A recent outage at design platform Canva showcased how seemingly minor technical issues can cascade into major service disruptions, as detailed in a comprehensive incident report by CTO Brendan Humphries.
The incident began with a routine deployment of a new editor page version. While the code itself was bug-free, the deployment triggered an unexpected chain of events that would temporarily bring down Canva's services.
The Perfect Storm
Three key factors combined to create the outage:
- A stale traffic routing rule in Cloudflare's CDN was directing Asian traffic through public internet instead of private fiber networks, causing severe latency
- This latency synchronized over 270,000 user requests waiting for new JavaScript files
- A known performance issue in Canva's API gateway reduced its ability to handle traffic effectively
When the JavaScript files finally became available after a 20-minute delay, all waiting clients attempted to access Canva's API simultaneously, generating 1.5 million requests per second - triple the normal peak load.
Cascading Failures
The API gateway, already hampered by performance issues, couldn't handle this massive spike.
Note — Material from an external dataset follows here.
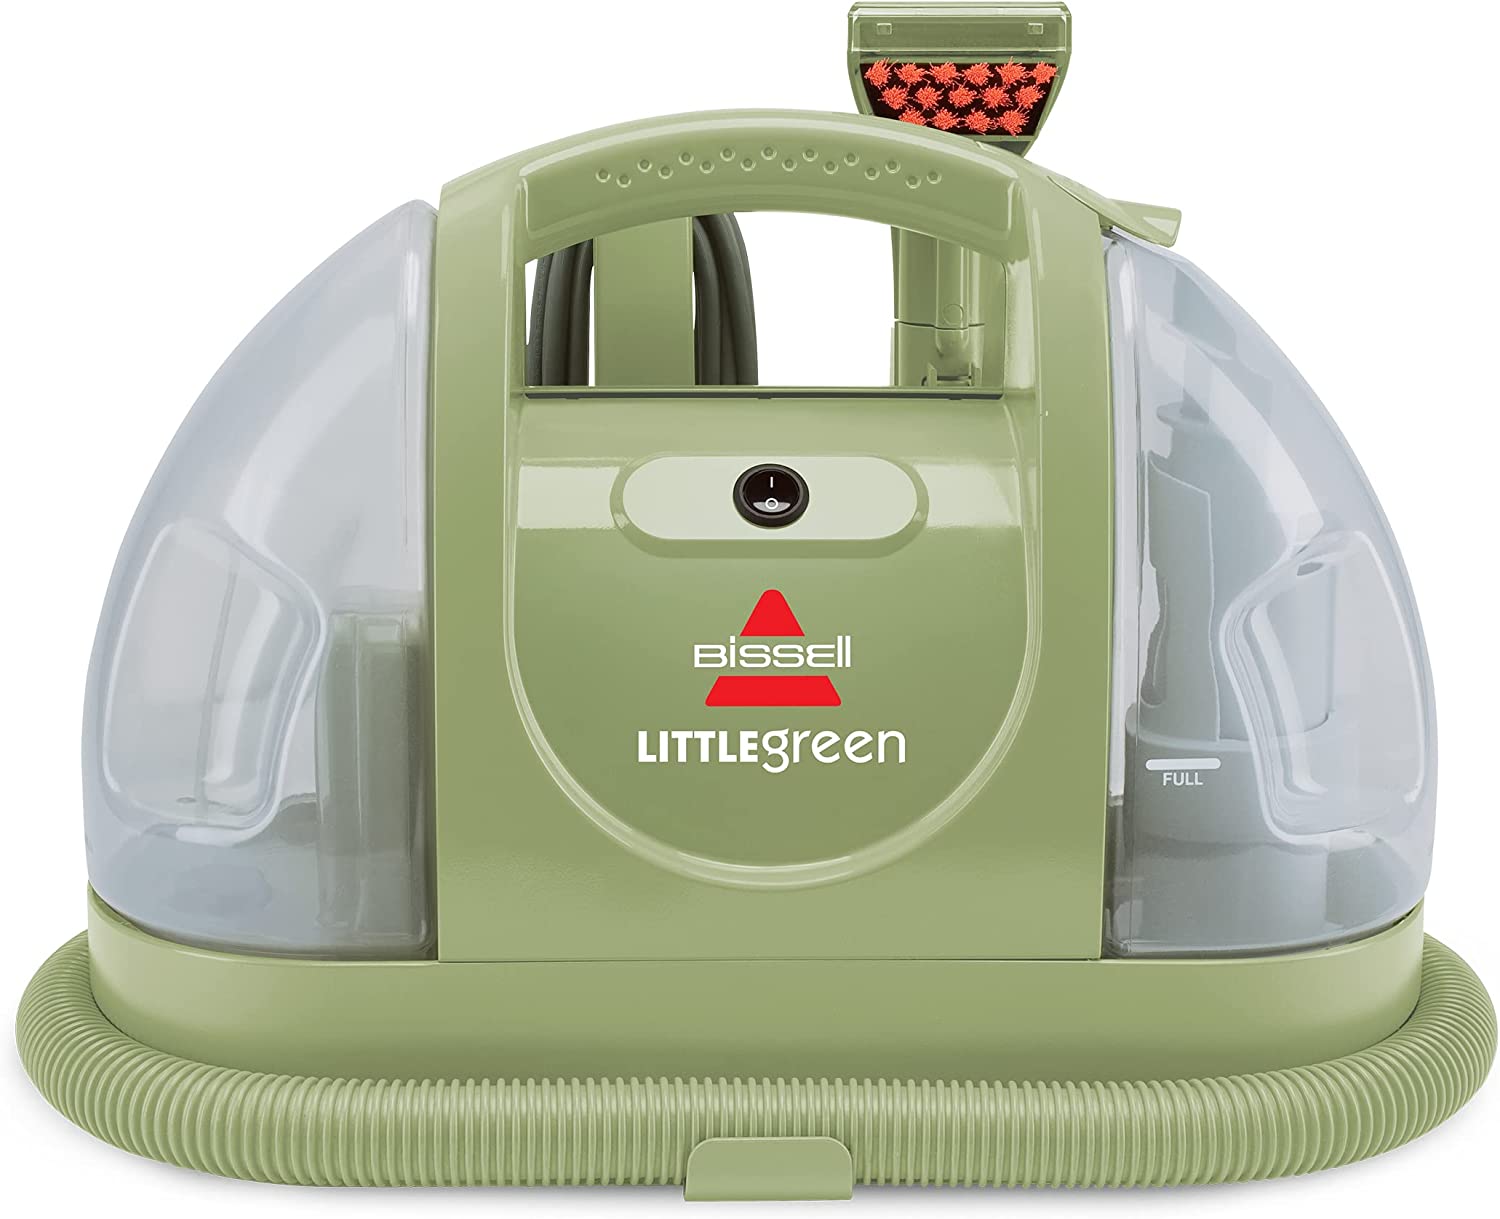 Bissell Little Green Carpet and Upholstery Cleaner Logo
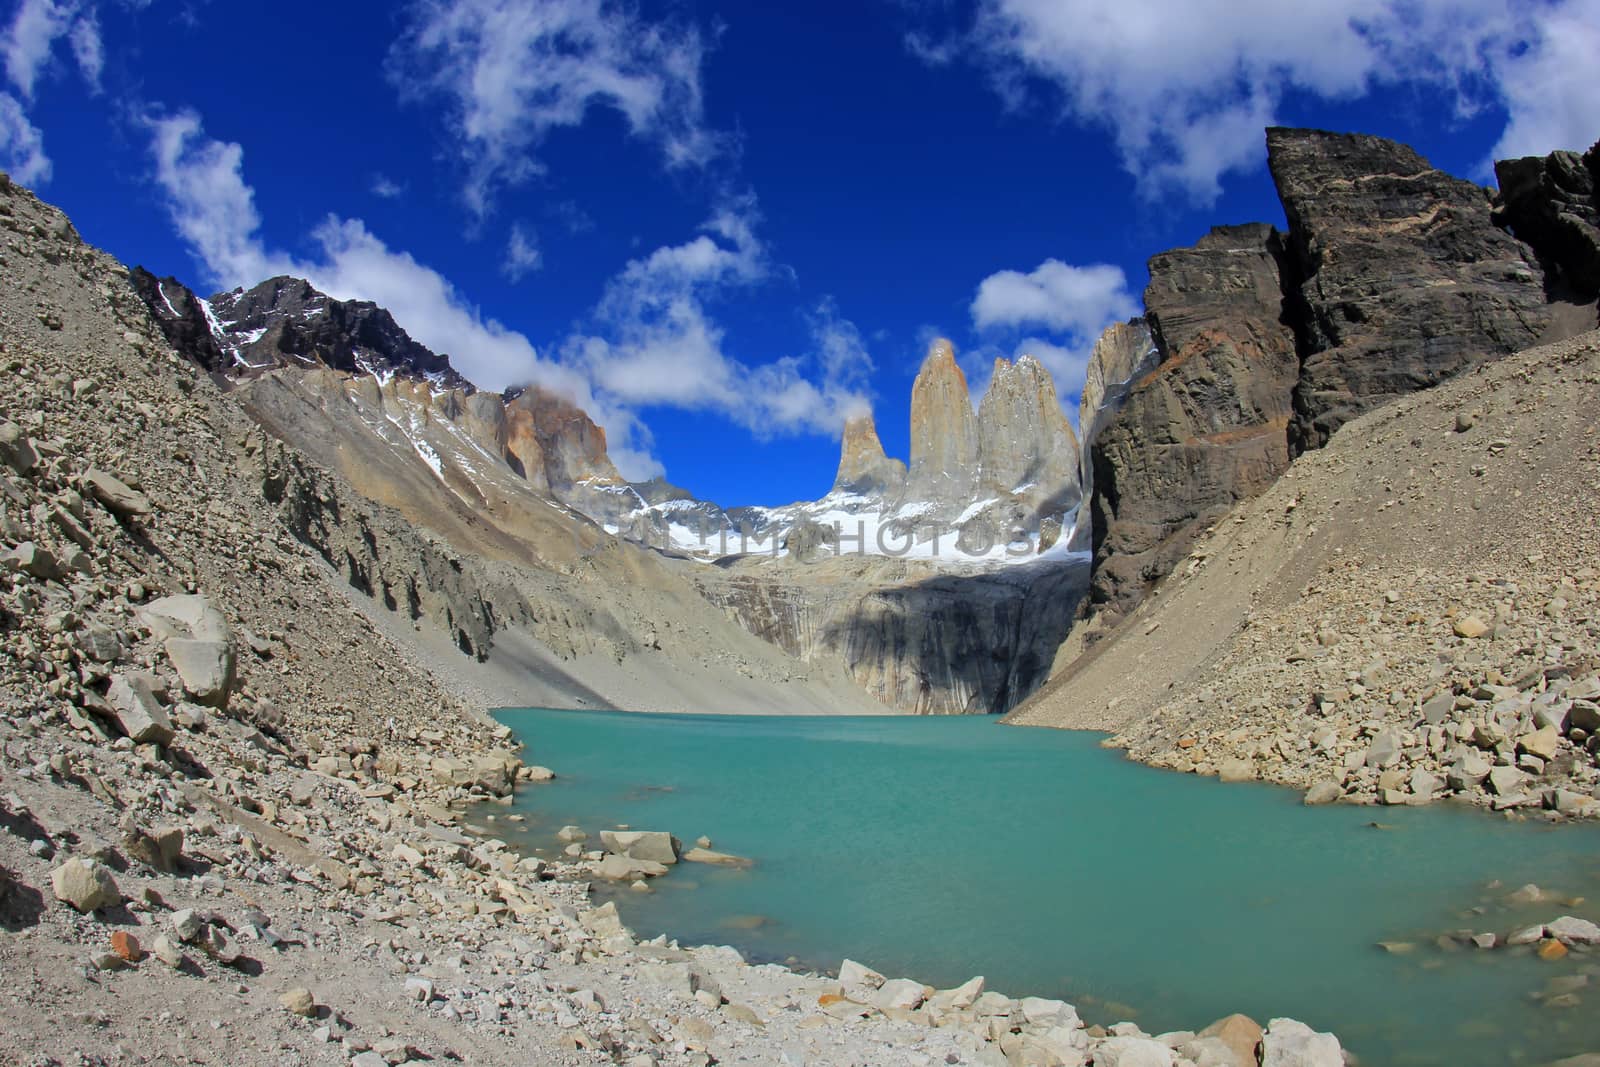 The three towers at Torres del Paine National Park, Patagonia, Chile, view from Mirador de Las Torres

As individual gateway tasks failed, the load balancer redistributed traffic to remaining healthy nodes, pushing them toward failure as well. While auto-scaling attempted to add capacity, Linux's memory management system was terminating overloaded containers faster than new ones could be provisioned.
The Recovery
Canva's engineering team implemented a two-pronged solution:
- They attempted to increase system capacity manually
- When this proved insufficient, they used Cloudflare's firewall to temporarily block all incoming traffic
This "circuit breaker" approach allowed the system to stabilize. Traffic was then gradually restored, starting with Australian users under strict rate limits, until full service was restored about 35 minutes later.
Lessons Learned
The incident highlighted several important points about modern system resilience:
- Performance issues can be harder to detect than functional bugs
- Automated systems can sometimes amplify problems during incidents
- Human operators play a critical role in adapting system behavior during crises
- Having flexible configuration options is key for incident response
Canva has since developed detailed procedures for managing similar incidents and continues to work on improving system resilience.